これからの「ニッポンのスーパーマーケット」に必要なものとは?カイモノマーケティング(2/3 ページ)

» 2013年07月03日 14時00分 公開
[畠山敦子,Business Media 誠]

オリジナルエコバッグもブランディングの1つ

 エコバッグの持参の普及率はここ数年、かなり上がってきたように思います。どこも似たようなエコバッグが多い中、ご当地スーパーではオリジナルエコバッグも個性的です。例えば「成城石井」(東京)のオリジナルエコバッグの絵柄は「箱に入ったメロン」。これは創業当時、同社が果物を中心に扱っていたことを表しています。

 知る人ぞ知る、オリジナルエコバッグの先駆け的存在である「ユニオン」(神奈川)も負けてはいません。米国らしいラフさと日本的な実直さのサジ加減が絶妙なユニオンでは、老いも若きも喜々としてこのバッグを持っています。

 何とユニオン元町店では、店内に「ユニオンのオリジナルバッグを持って海外旅行をした人たちのスナップ写真」が展示されているとのこと。後日、私もお店に行ってみると、そこにはバッグを手に楽しそうにほほ笑む人々の姿を収めた写真がところ狭しと並べてありました。

 オリジナルバッグを持っていることがうれしくて、つい旅先にまで持っていってしまう。ユニオンがどんなときでもお客さんの生活に溶け込んでいることの表れでもありますよね。

ユニオン ユニオン店内のようす

 また、地域性をうまく利用しているのが、岡山県にある「マルナカ」下柳店が販売する岡山デニムのエコバッグ。倉敷市児島は明治時代から「繊維の町」として知られ、学生服の生産量が国内トップ。現在でも男子学生服の約7割が児島で生産されています。この技術を生かし、国産ジーンズ発祥の地としても有名になりました。岡山デニムには、海外のファッションブランドからも注文が入るほどです。

森井さんが驚いた、イッショクタにできないご当地スーパー

 私たちの勝手なイメージなのかもしれませんが、ご当地スーパーというと、どうしても地域の県産フェアを思い浮かべて、その土地の地場のモノを過大に期待してしまいます。

 「きりたんぽ」といえば、秋田名物のひとつ。ところが、秋田を除く東北のスーパーマーケットでは売られているのに、肝心な本拠地であるはずの秋田のスーパーマーケットではきりたんぽが取り扱われていなかったことに、森井さんはとても驚いたそうです。

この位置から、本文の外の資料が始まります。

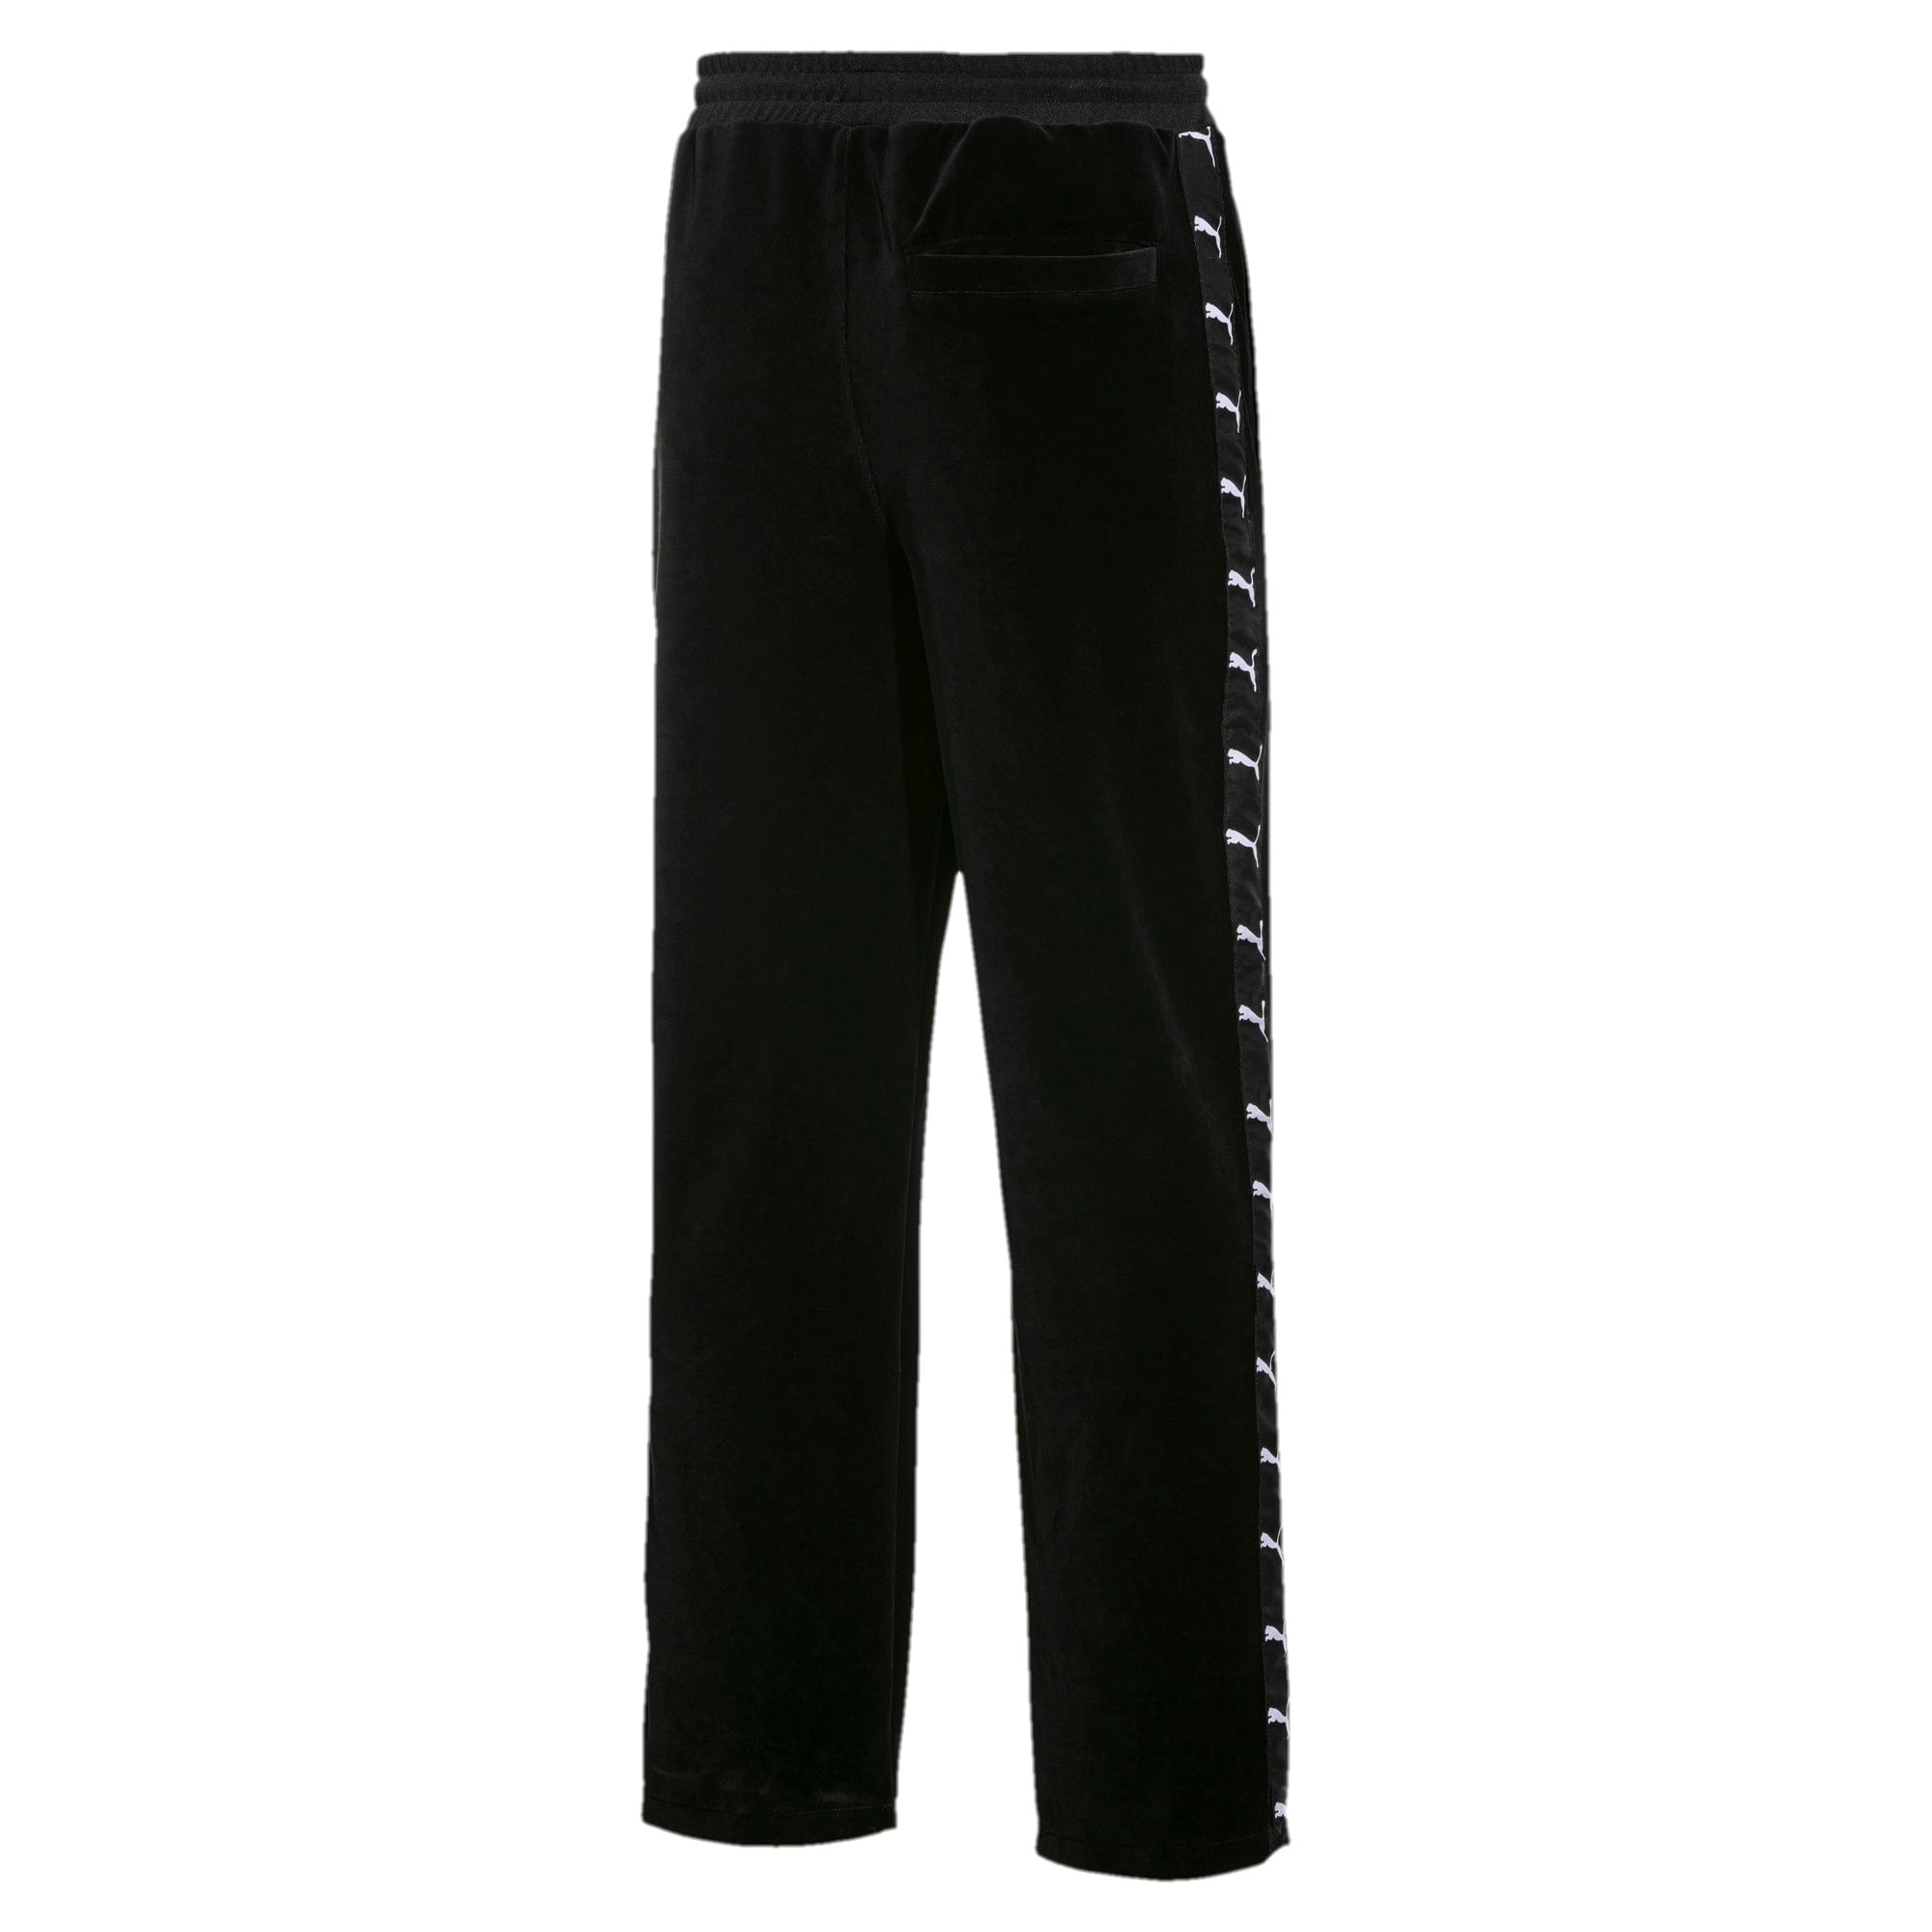 Thumbnail 2 of PUMA x THE KOOPLES Men's Velour Track Pants, Puma Black, medium

 店員さんをはじめ、いろいろな人に聞いてみた結果、森井さんが出した答えは「きりたんぽはすでに郷土料理の殿堂入りを果たしており、(もともと囲炉裏で食べるものだし)そう頻繁には食卓に上がらないのでは。それに家庭で作るのに難しいものではないので、わざわざスーパーで買わない人も多いのかも」というもの。

 同じく秋田の塩魚汁(しょっつる)も然り。このような「この県には必ずやいっぱいあるだろうと思っていたものが、実際に行ってみると案外そうでもない」というケースが多いというのは意外です。

 一方で森井さんは、自県の産品が多い県のベスト5は、「北海道」「島根」「三重」「徳島」「沖縄」を挙げます。当たり前のように県産品が並んでいて、それが当たり前のように売れていく。北海道や沖縄の人は、自分たちが住む土地に対する愛着が深いとはよく聞きますが、他の3県は意外ですよね。